AMD to Nvidia: prove it, don’t just say it - Garbage
http://blogs.amd.com/play/2011/03/25/2056/
======
pmjordan
There's a review of both cards in the latest c't Magazine [1] (German) - the
benchmarks suggest that the AMD card wins in most disciplines, except for
tesselation benchmarks and a couple of games at lower resolutions. AMD's
OpenGL drivers are also (and have always been) much worse than nvidia's in
various respects, so the nvidia card wins on more OpenGL-based benchmarks.

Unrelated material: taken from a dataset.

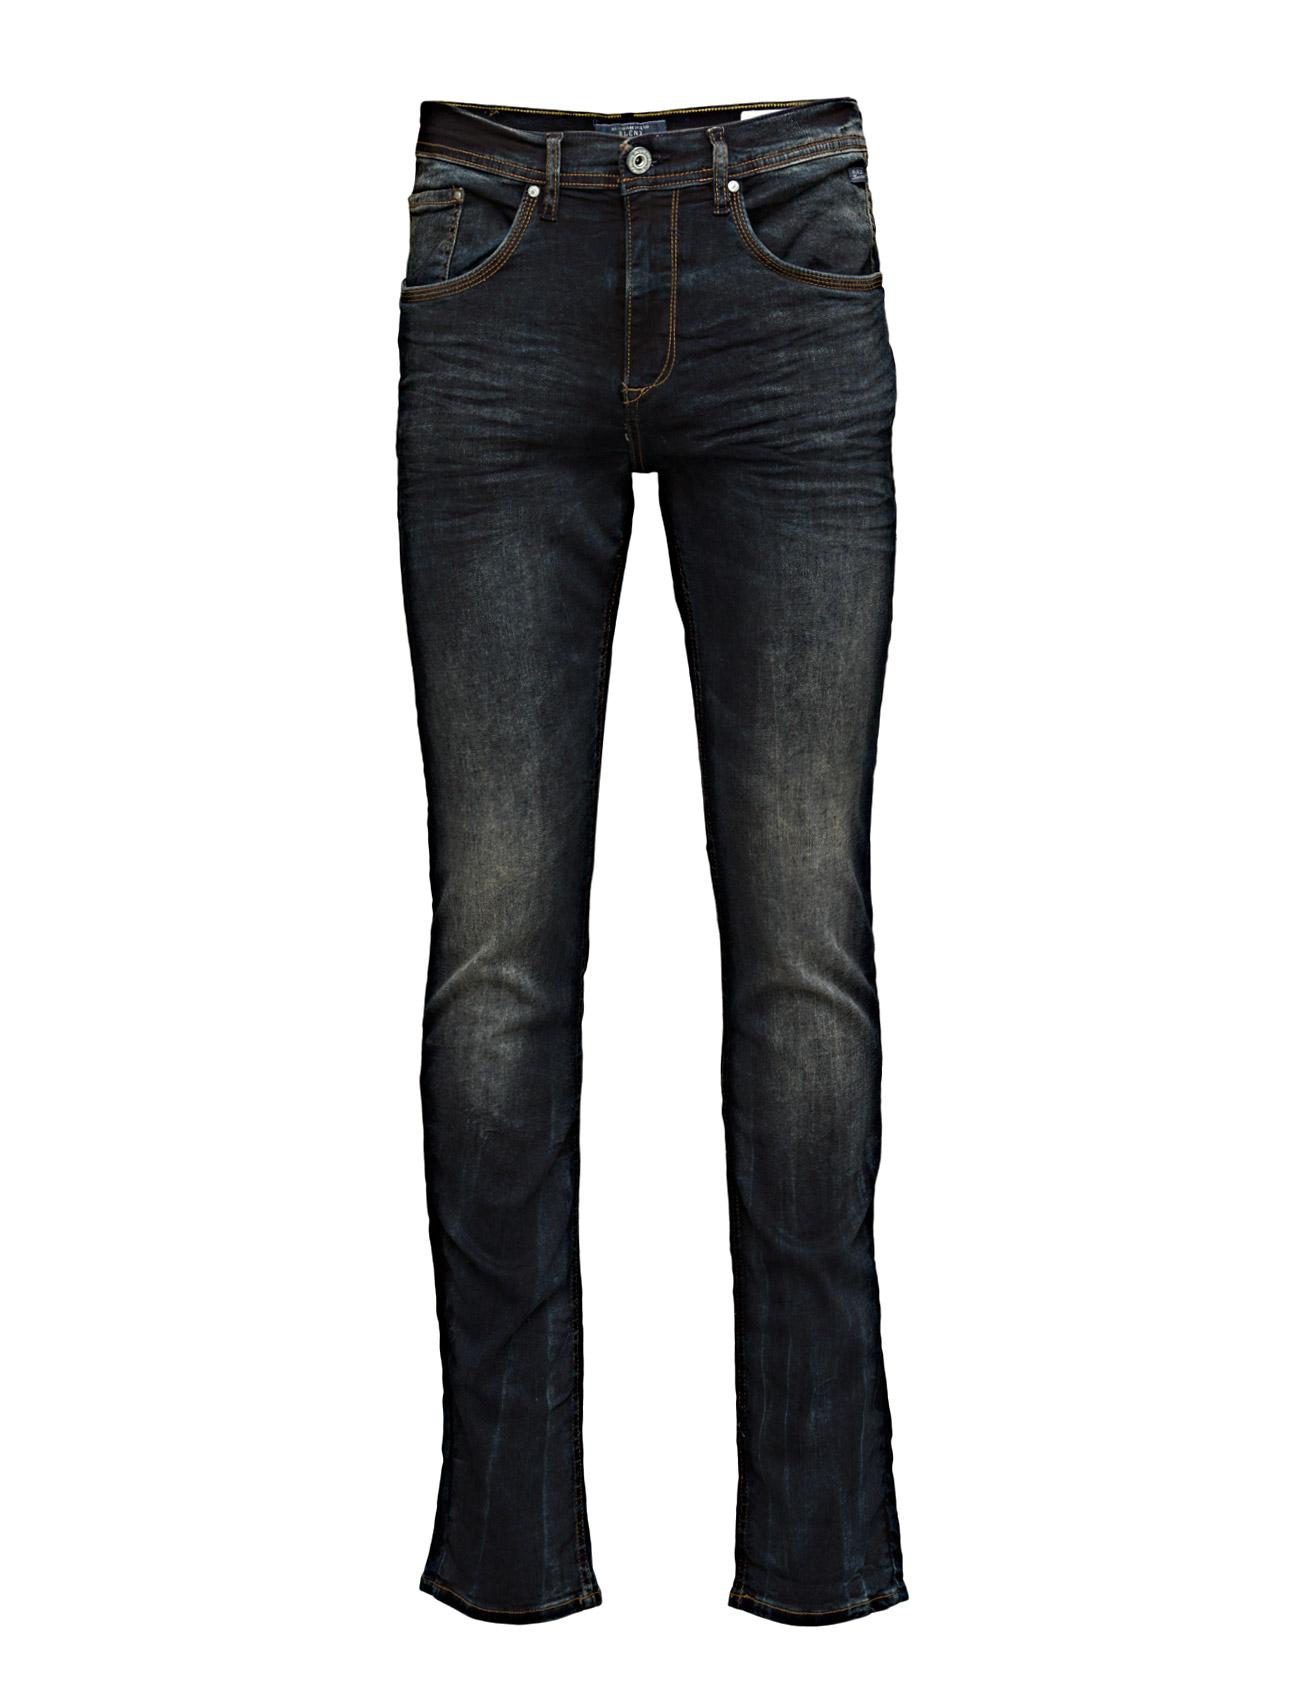 Jeans - Noos Jet Fit Blend Slim til Mænd i
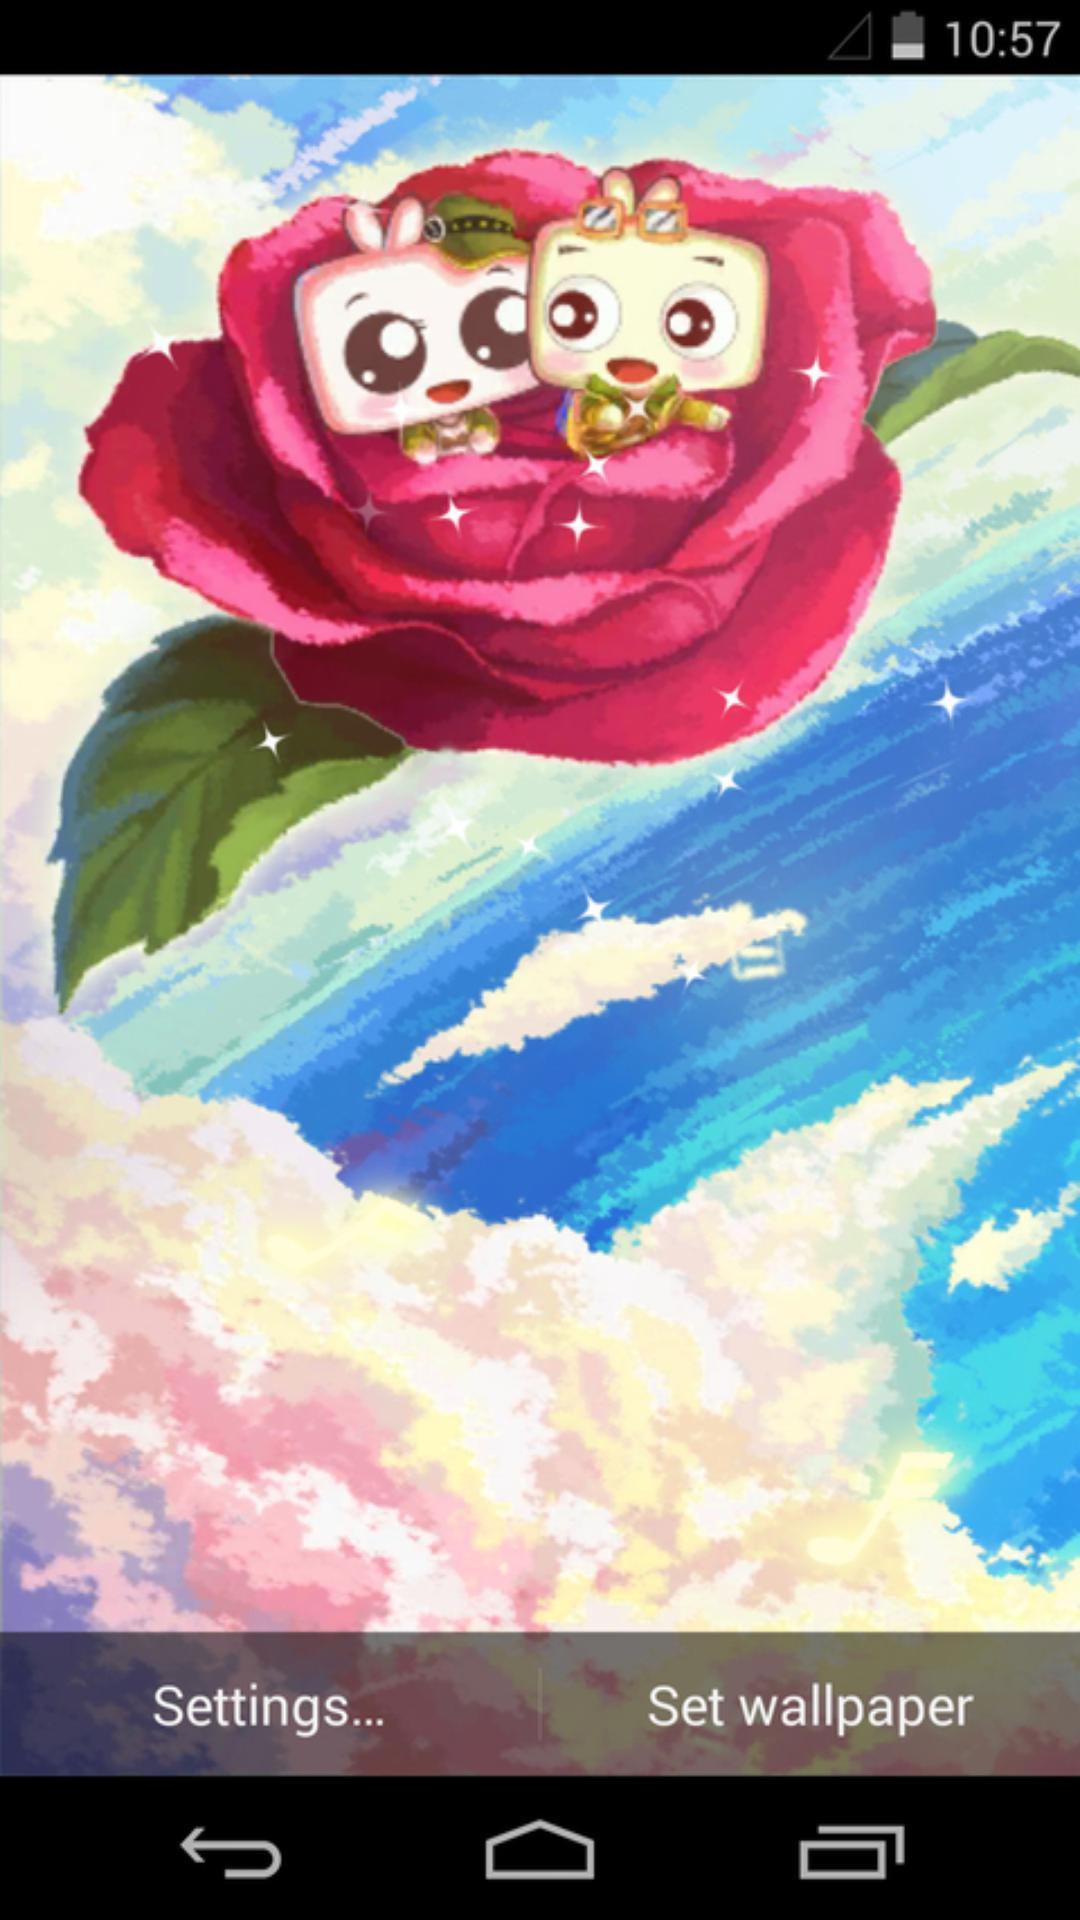 囧囧-玫瑰-梦象动态壁纸

Both cards seem completely removed from reality though, as they apparently
sound like jet engines under load, consume almost 400 Watts of power, and the
590GTX actually throttles itself if you run it under certain loads (such as
Furmark) to avoid overheating/drawing too much current. Oh, and they cost over
€600. I realise "maker of the fastest graphics card" is a marketing thing, but
it's pretty meaningless in practice.

FWIW, if you want to spend a lot of money on graphics cards, you're probably
better off buying a fairly high-end model (but not top-of-the-range) every
hardware iteration, usually 6-12 months, and selling the previous one instead
of dropping a crapload of money in one go.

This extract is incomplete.